Y <- coca_cola$sales_unitboxes
X <- model.matrix(sales_unitboxes ~ inflation_rate + max_temperature, data = coca_cola)[,-1]

ridge_model <- glmnet(X, Y, alpha = 0, lambda = 0.1)

Ridge_pred <- predict(ridge_model, s = 0.1, newx = X)

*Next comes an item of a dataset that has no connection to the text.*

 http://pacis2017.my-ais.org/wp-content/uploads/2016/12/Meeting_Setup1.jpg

coef_ridge <- as.data.frame(as.matrix(coef(ridge_model)))
coef_ridge$features <- rownames(coef_ridge)
rownames(coef_ridge) <- NULL
names(coef_ridge)[1] <- "Coeficient Estimate"

print(coef_ridge)
##   Coeficient Estimate        features
## 1          2630303.15     (Intercept)
## 2           -41562.05  inflation_rate
## 3           126487.66 max_temperature
# Calculate the RMSE
Ridge_rmse <- rmse(Y, Ridge_pred)
print(Ridge_rmse)
## [1] 485973.6
#Calculate the AIC
n <- nrow(X)  # número de observaciones
p <- ncol(X)  # número de predictores

Ridge_pred <- predict(ridge_model, s = 0.1, newx = X)

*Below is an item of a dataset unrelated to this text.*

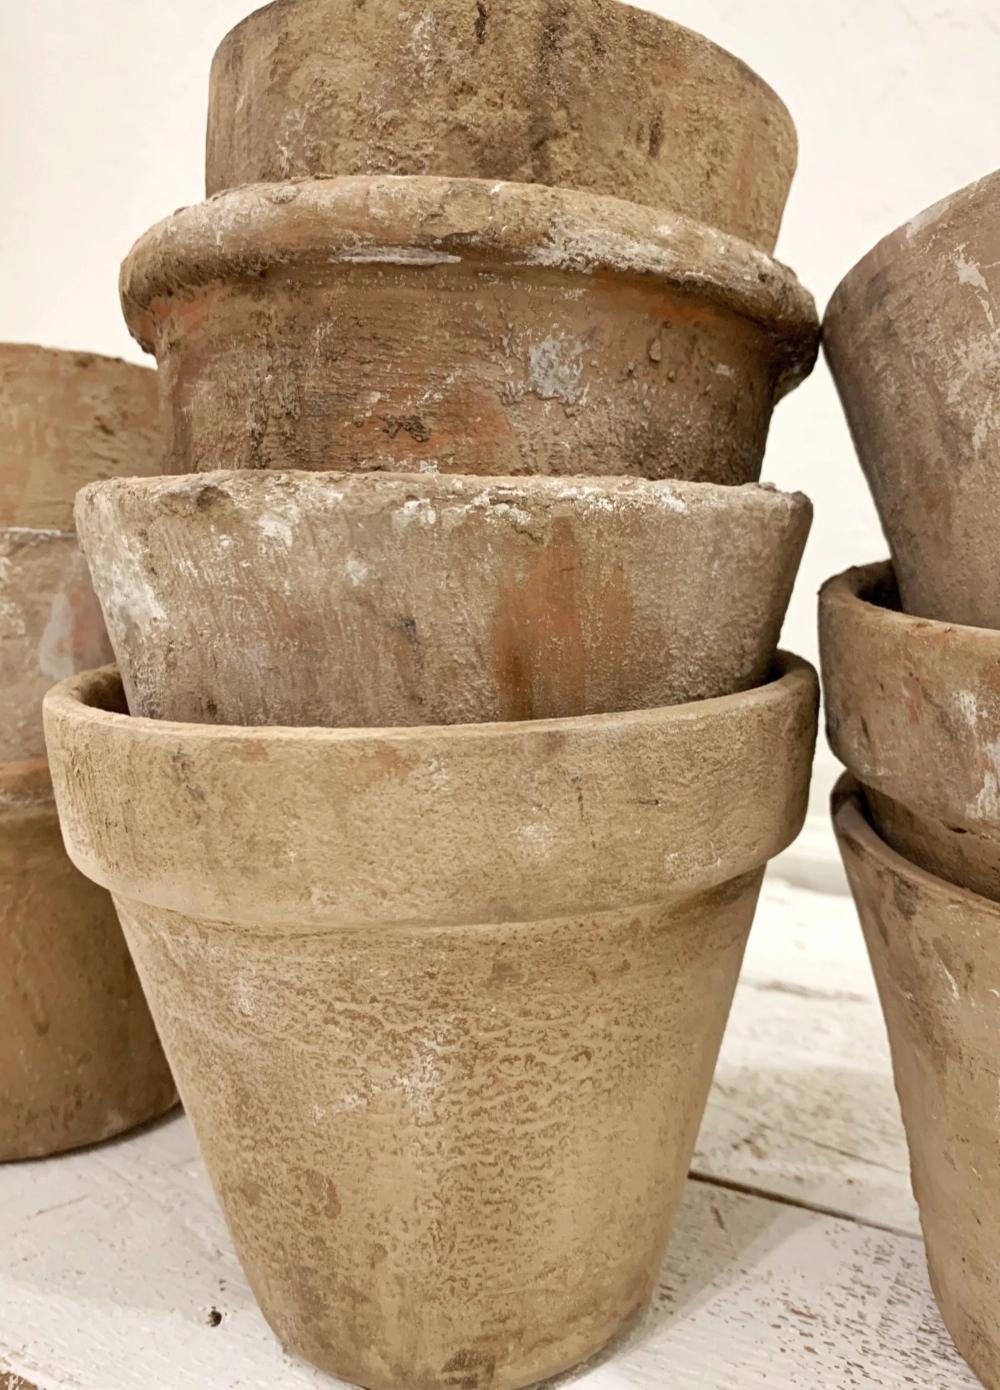 Aging Terra Cotta Pots In 2020 Aging Terra Cotta Pots Diy Terra Cotta Pots Antique Terra Cotta Pots

RSS <- sum((Y - Ridge_pred)^2)

AIC_ridge <- n * log(RSS/n) + 2 * (p + 1)  # +1 porque incluye el término de intercepto

print(AIC_ridge)
## [1] 1263.015

Diagnostic tests

residuals_ridge <- Y - Ridge_pred[,1]

# Calculate the VIF 
vif_data <- as.data.frame(X)
vif_results <- vif(lm(Y ~ ., data = vif_data))
print(vif_results)
##  inflation_rate max_temperature 
##         1.45828         1.45828
# Heteroscedasticity: Breusch-Pagan
bp_test <- bptest(lm(Y ~ X)) # La función bptest requiere el modelo lineal como entrada
print(bp_test)
## 
##  studentized Breusch-Pagan test
## 
## data:  lm(Y ~ X)
## BP = 1.1321, df = 2, p-value = 0.5678
jb_test <- jarque.bera.test(residuals_ridge)
print(jb_test)
## 
##  Jarque Bera Test
## 
## data:  residuals_ridge
## X-squared = 0.62314, df = 2, p-value = 0.7323

Conclusions

# According to Linear Regression and Polynomial Model, maximum temperature and ITAEE affect Coca Cola sales with a confidence level of 99%.
# The regression model with the best performance was Lasso model, with an RMSE of 410568.3 and an AIC of 1246.829, making it the most reliable.
# In Lasso model I only included maximum temperature and ITAEE, and it was the one with best performance. 
# With a p-value of 0.4117, we accept the null hypothesis that there is no heteroscedasticity, meaning the variance of the errors is constant.
# With a p-value of 0.91 in Lasso, we accept the null hypothesis that the residuals follow a normal distribution. 
# Of all the variables, the only one that shows multicollinearity is job density, with a VIF of 10.69, which is why it was not used in the models.
# The model that presented the least heteroscedasticity was the linear regression model with a p-value = 0.6011.